/g2s3

G2S3 is a solution to regularly back up your Google data by copying it over to S3.

Primary LanguageRustMIT LicenseMIT

G2S3

logo

G2S3 is a solution to regularly back up your Google data by copying it over to S3.

This is work in progress.

What's working:

  • It can copy a single Google Drive folder with all files in it (non-recursively) to S3
  • CDK deploys AWS Batch jobs, necessary compute environment, queues, SNS topics, subscriptions, etc.

What's not working yet:

  • Recursive copy of a Google Drive folder, or entire Google Drive into S3.
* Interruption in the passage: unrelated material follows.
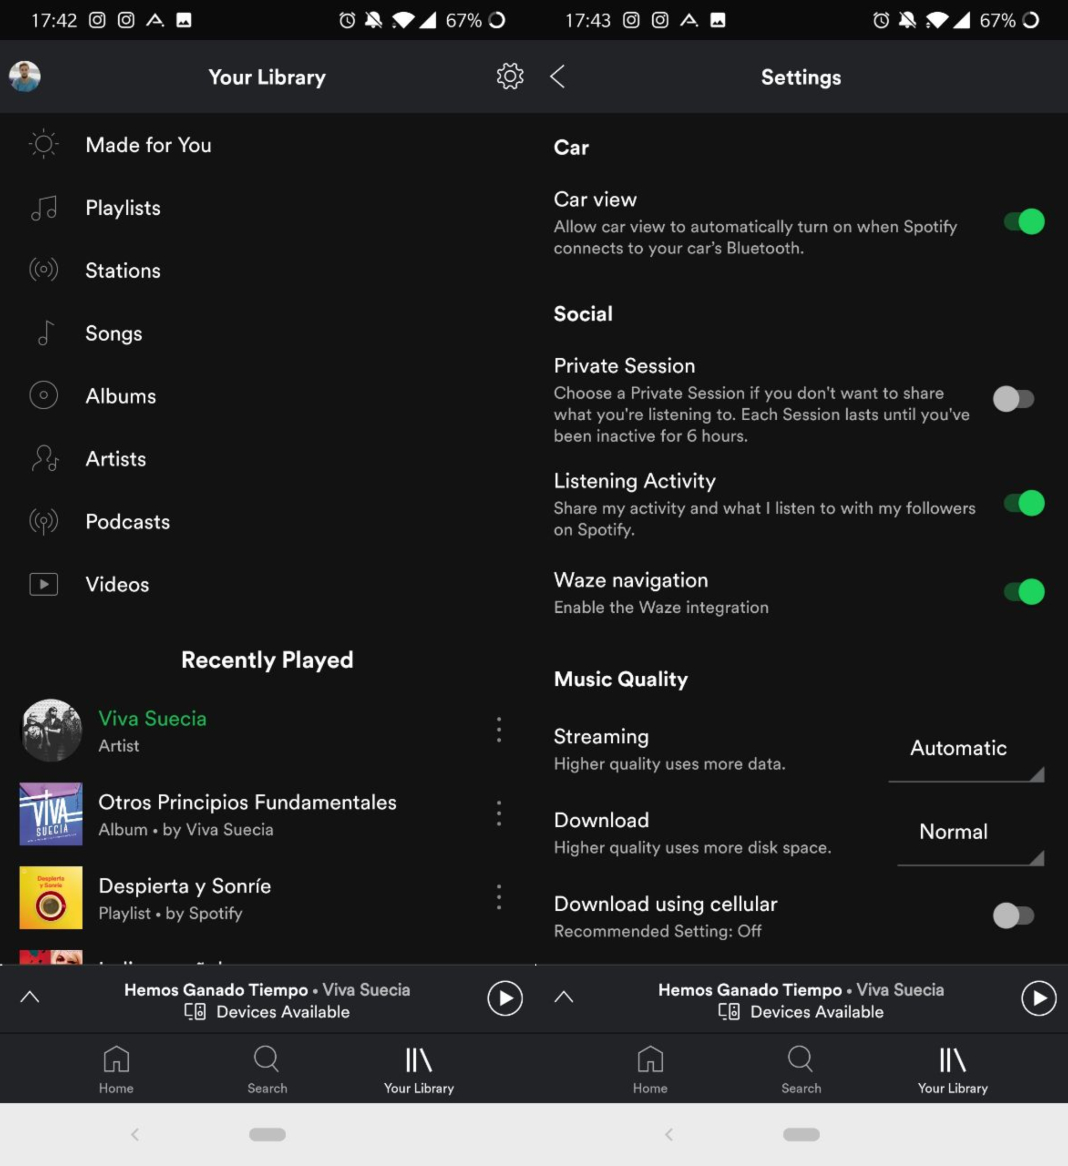 spotify car mode How to activate the car view in Spotify on Android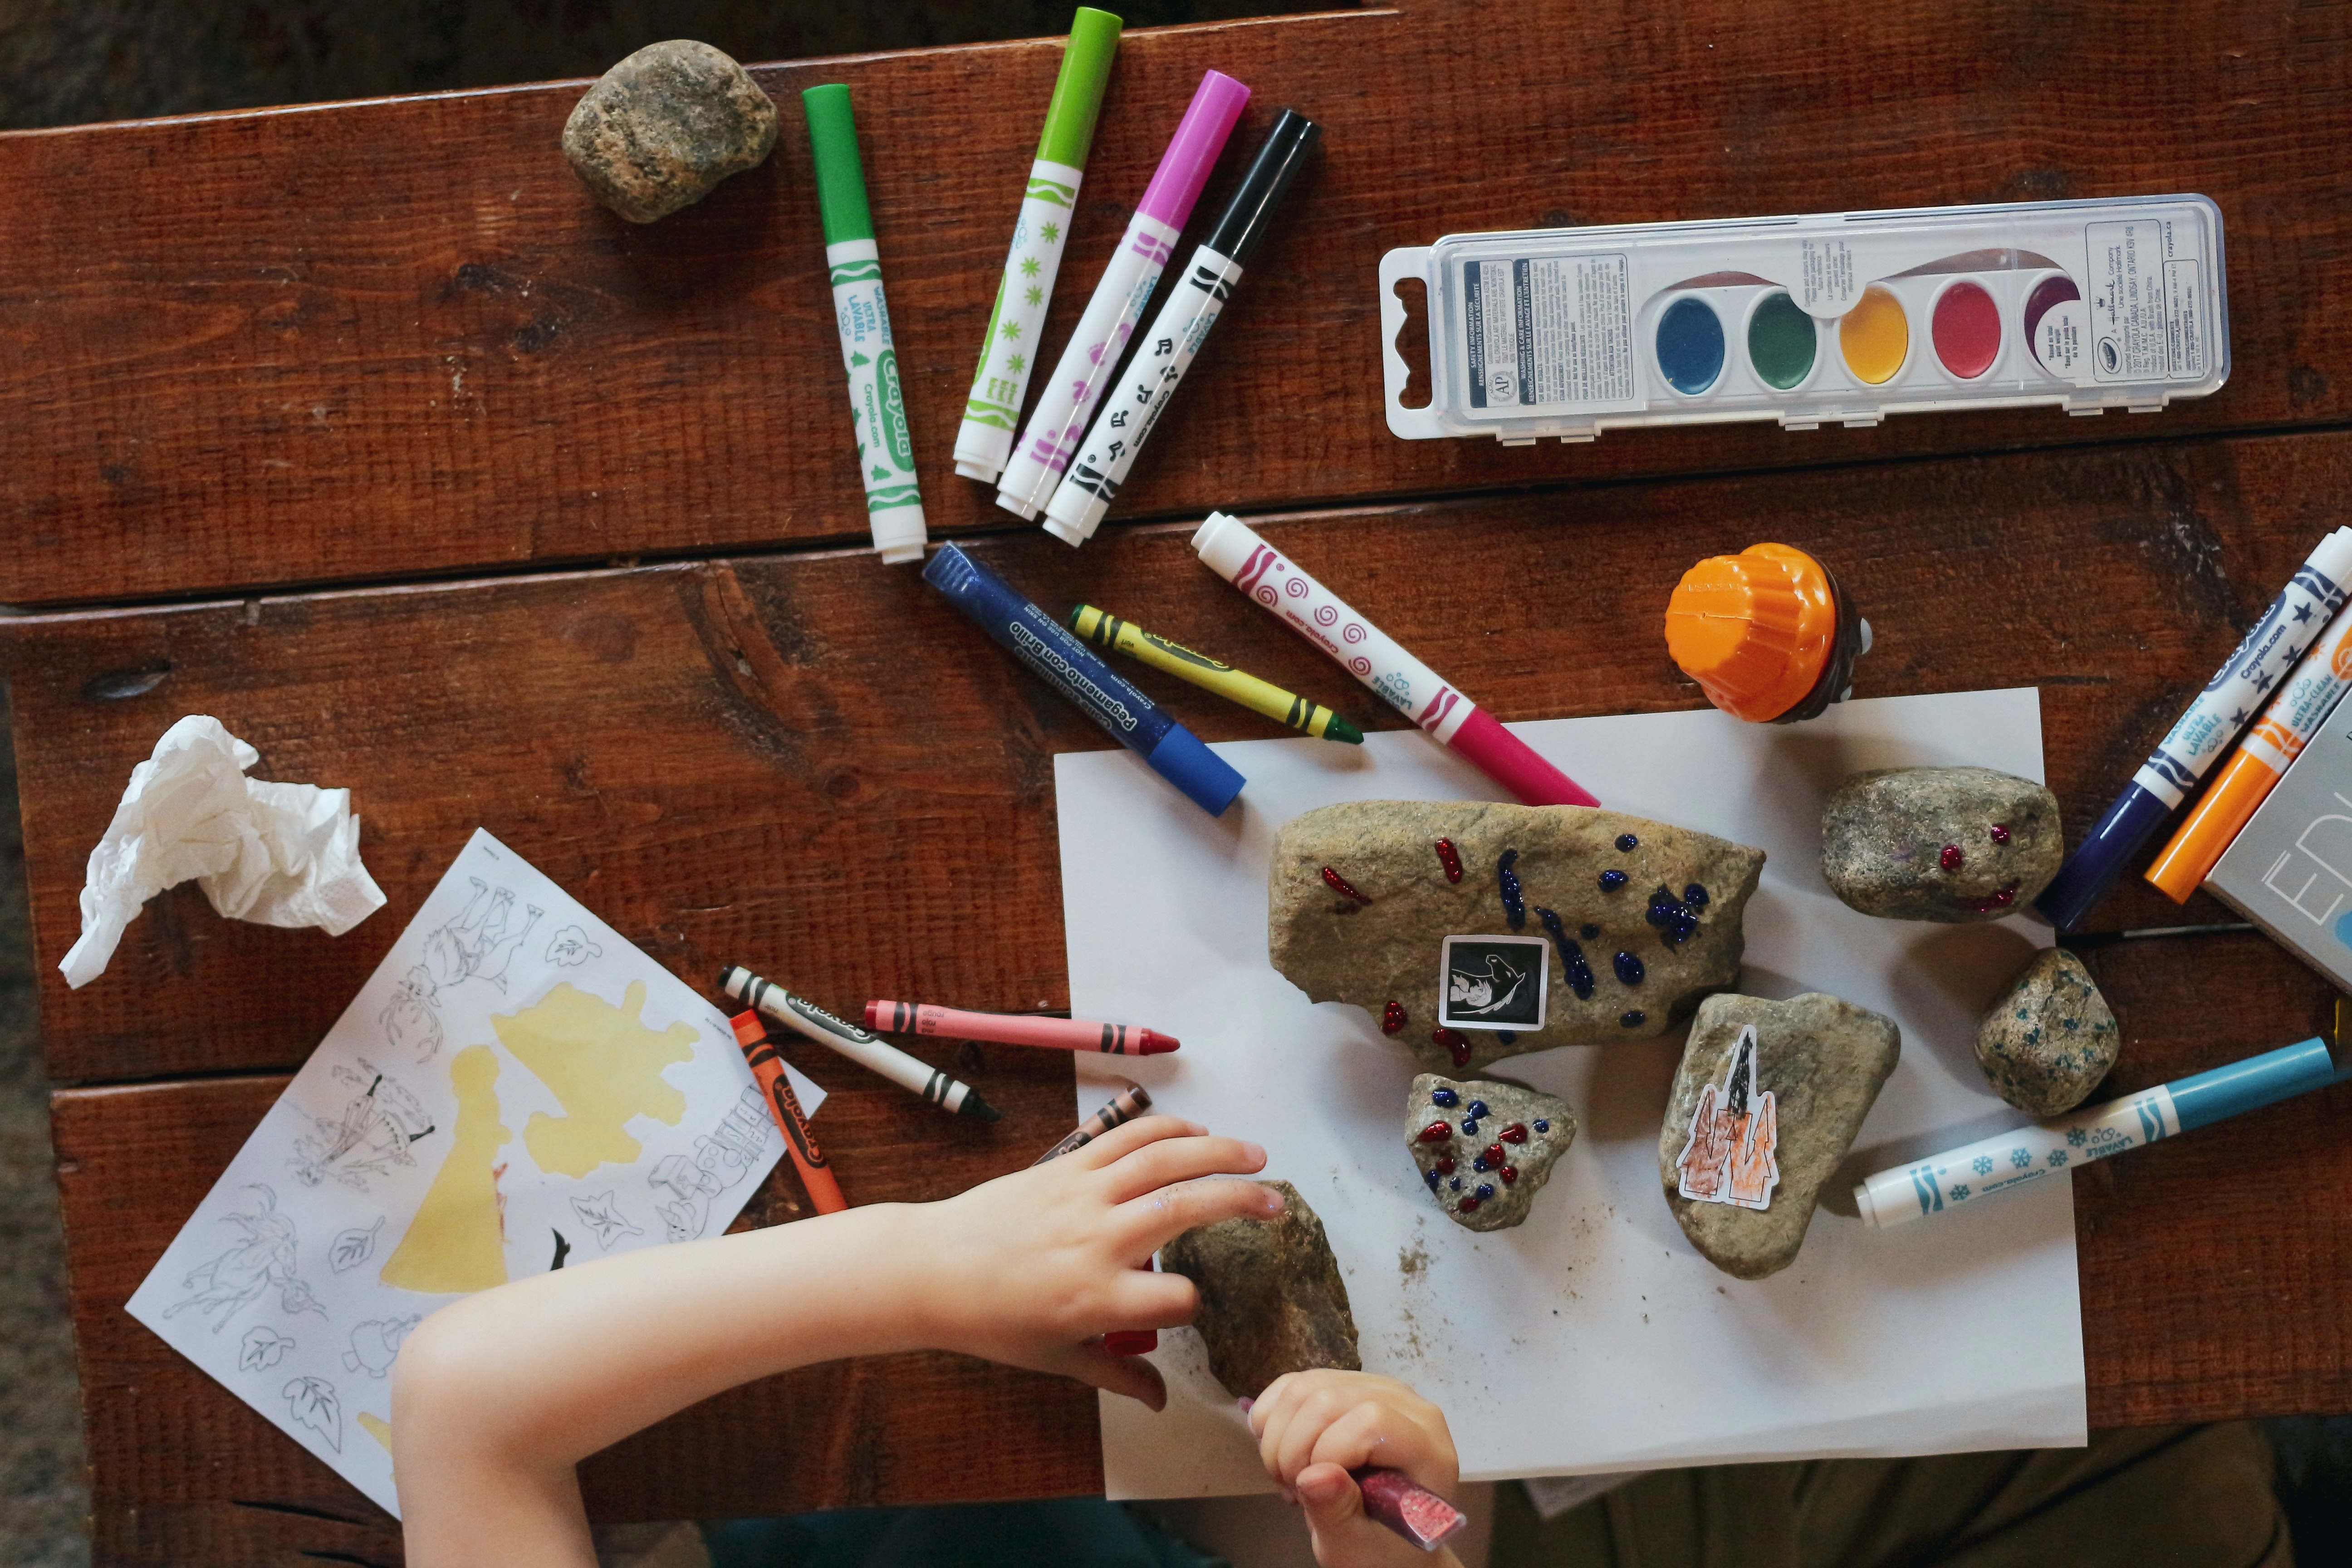 Overhead view of child painting on rocks at table

There's also an accompanying blog post:

"Quick" Start Guide

  1. In Google Cloud Platform (GCP):

    1. create a new project (e.g. "g2s3")
    2. enable the Google Drive API
    3. create a OAuth 2.0 consent screen.
    4. Download credentials (TODO: add how)
  2. Build and run the retrieve-google-tokens binary (TODO: add instructions)

  3. In your AWS account

    1. "Store a new secret" in AWS Secrets Manager ("Other type of secret")
    2. Add CLIENT_ID, CLIENT_SECRET, and REFRESH_TOKEN into new secret as key/value pairs
  4. Choose one of the following two options:

    • Option 1: Using a personal fork and your own Docker image:

      1. On GitHub, fork this repository, enable GitHub Actions in your forked repository, and wait for the Action to successfully complete.

      2. In your terminal, run:

        git clone git@github.com:<GITHUB_USER>/g2s3.git
        cd g2s3
        
    • Option 2: Using petergtz repo and the associated Docker image:

      1. In your terminal, run:

        git clone https://github.com/petergtz/g2s3.git
        cd g2s3
        
  5. To configure your backup setup:

    1. In your terminal, run:

      cp cdk/bin/deployment-config.json.example cdk/bin/deployment-config.json
      
    2. Fill in proper values in cdk/bin/deployment-config.json (hopefully self-explanatory)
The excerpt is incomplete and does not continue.